– Как же вы смеете стрелять? – спрашивает Кржевецкий, возвышая голос. – Это, стало быть, ваш лес? Или, быть может, по-вашему, уже прошел Петров день? Вы кто такой?
– Павел Хромой, – еле-еле выговаривает мужичонок, прижимая к себе ружье. – Из Кашиловки.
– Из Кашиловки, чёрт побрал! Кто же позволял вам стрелять? – продолжает поляк, стараясь не делать ударения на втором слоге от конца. – Дайте сюда ружье!

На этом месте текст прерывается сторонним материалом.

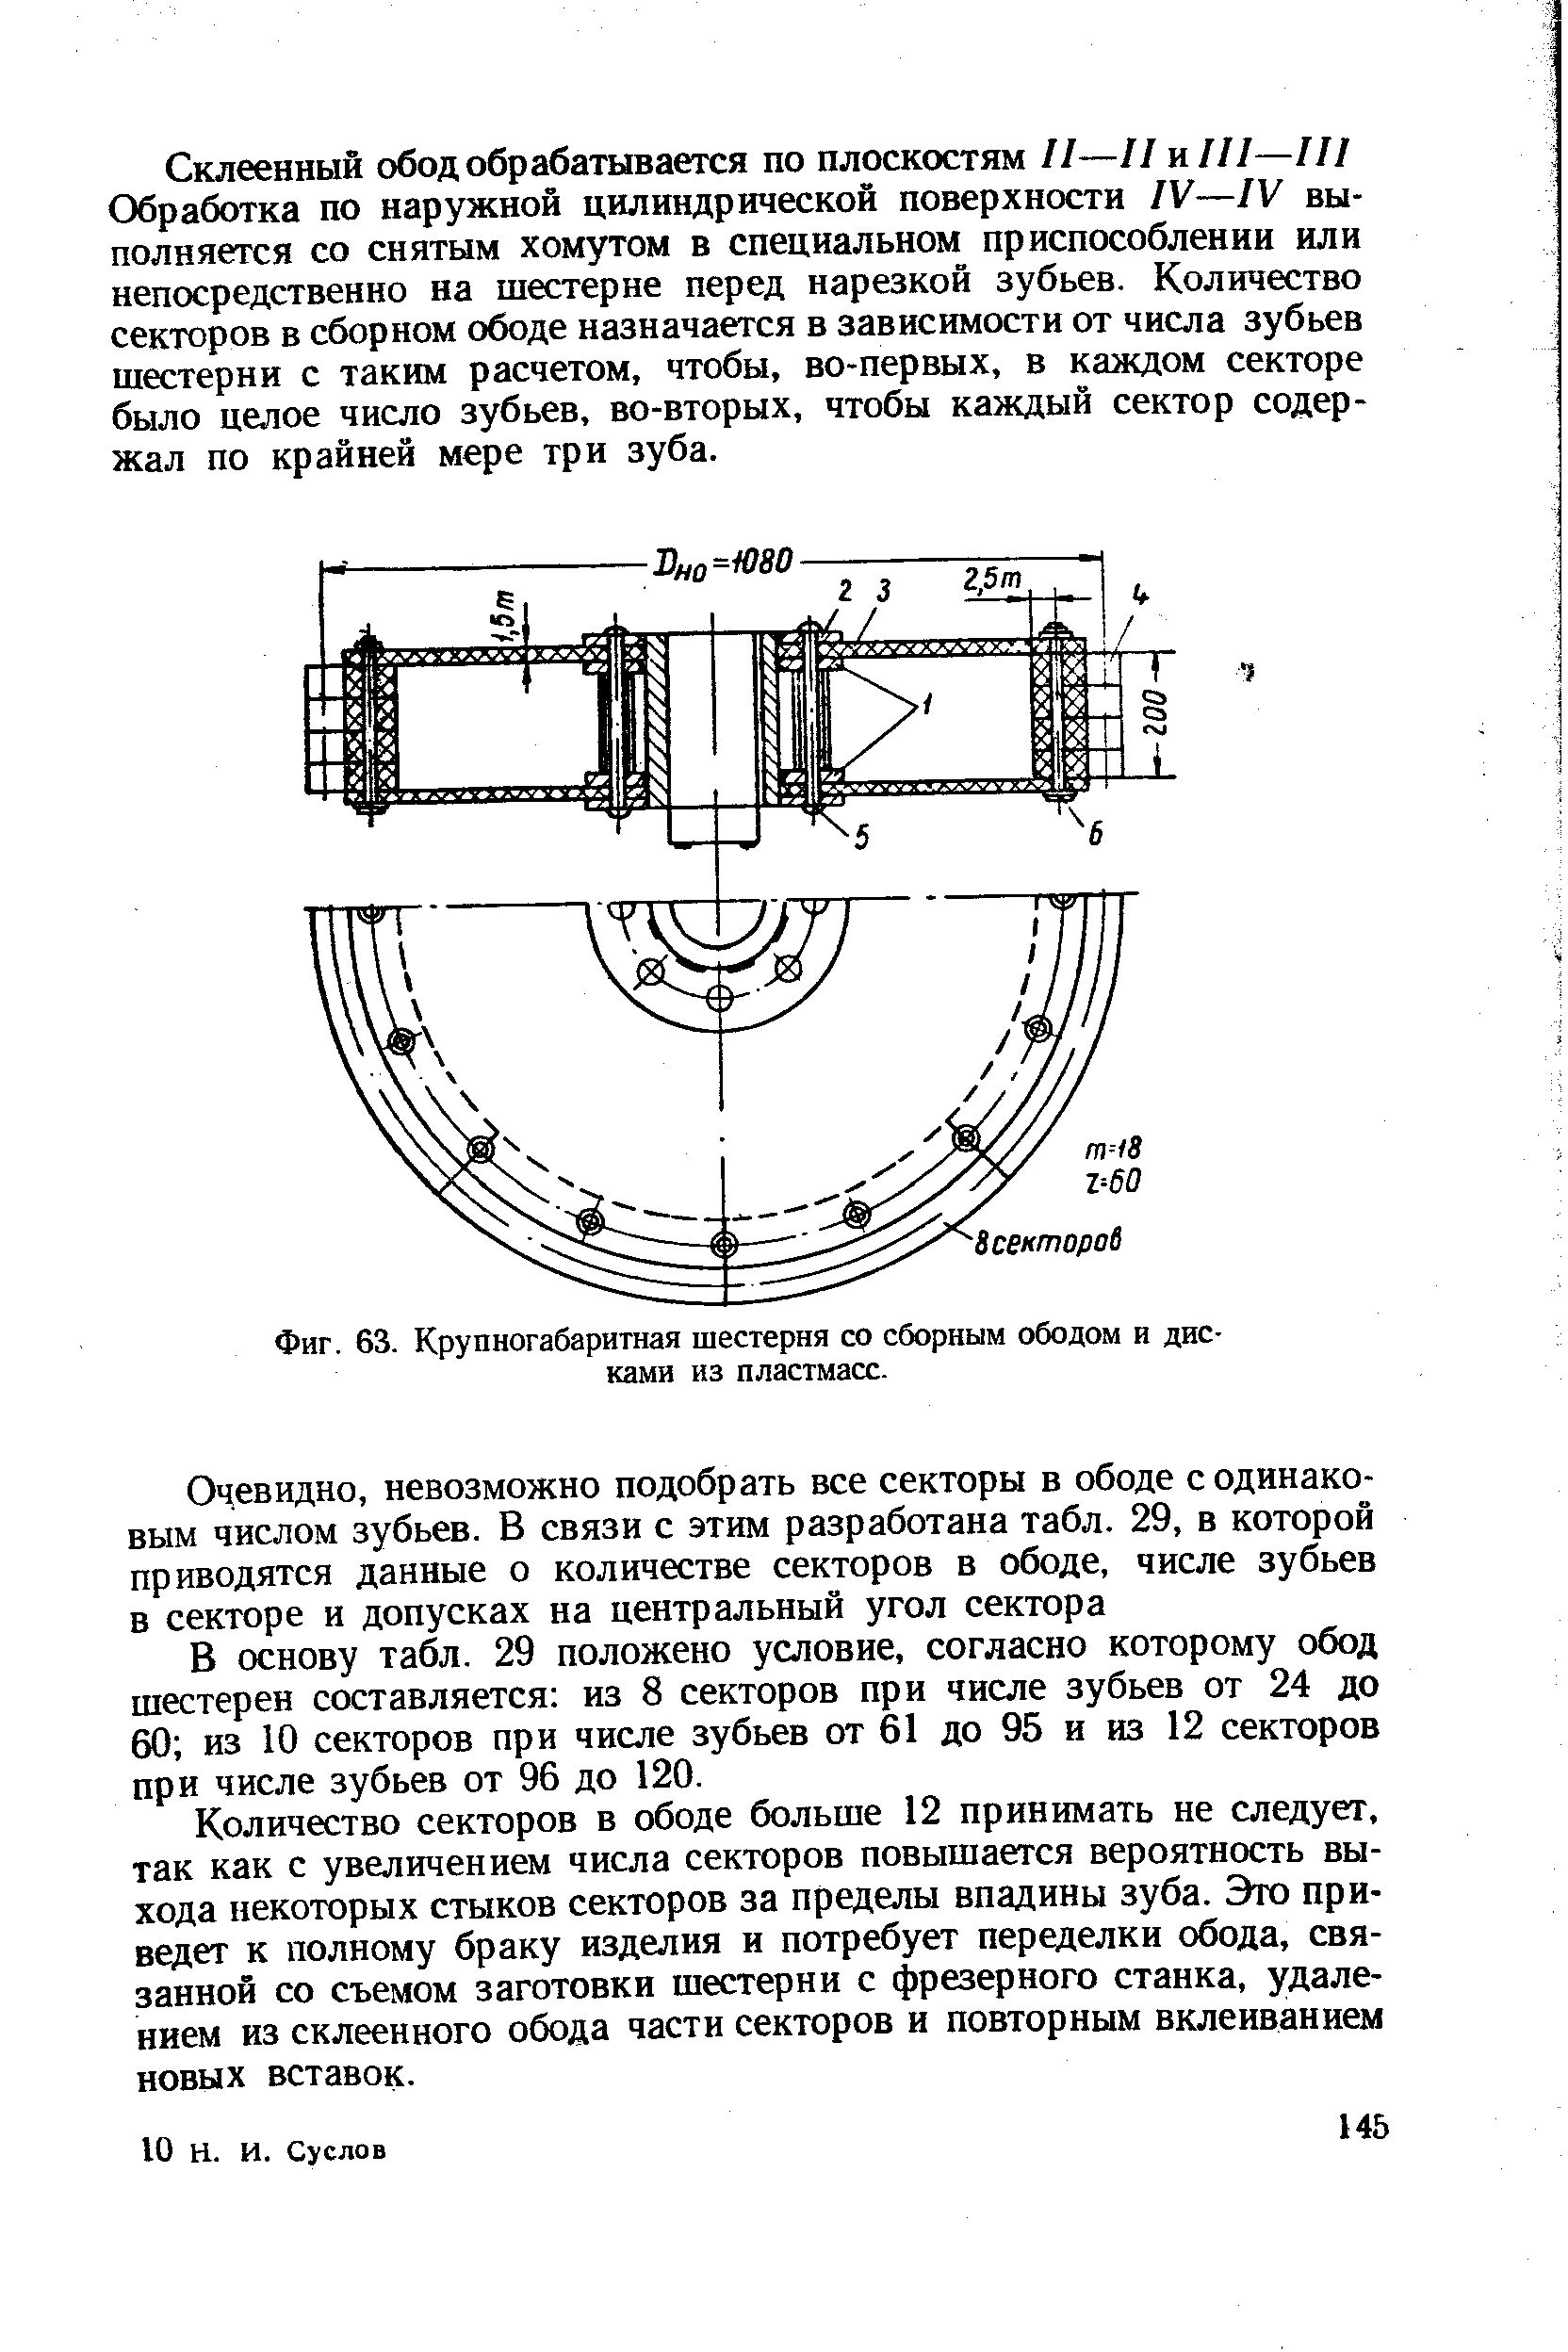 Фиг. 63. Крупногабаритная шестерня со сборным ободом и дисками из пластмасс.

Хромой подает поляку ружье и думает:
«Лучше б ты меня по морде, чем выкать…»
– И шапку давайте…
Хромой подает и шапку.
– Вот я вам покажу, как стрелять! Чёрт побрал! Пойдемте!
Кржевецкий поворачивается к нему спиной и шагает за заскрипевшим возом. Павел Хромой, ощупывая в кармане свою дичину, идет за ним.
Через час Кржевецкий и Хромой входят в просторную комнату с низким потолком и синими полинялыми стенами. Это господская контора. В конторе никого нет, но тем не менее сильно пахнет жильем. Посреди конторы – большой дубовый стол. На столе две-три счетные книги, чернильница с песочницей и чайник с отбитым носиком. Всё это покрыто серым слоем пыли. В углу стоит большой шкаф, с которого давно уже слезла краска. На шкафу жестянка из-под керосина и бутыль с какою-то смесью. В другом углу маленький образ, затянутый паутиной…
– Надо будет акт составить, – говорит Кржевецкий. – Сейчас барину доложу и за урядником пошлю. Снимайте сапоги!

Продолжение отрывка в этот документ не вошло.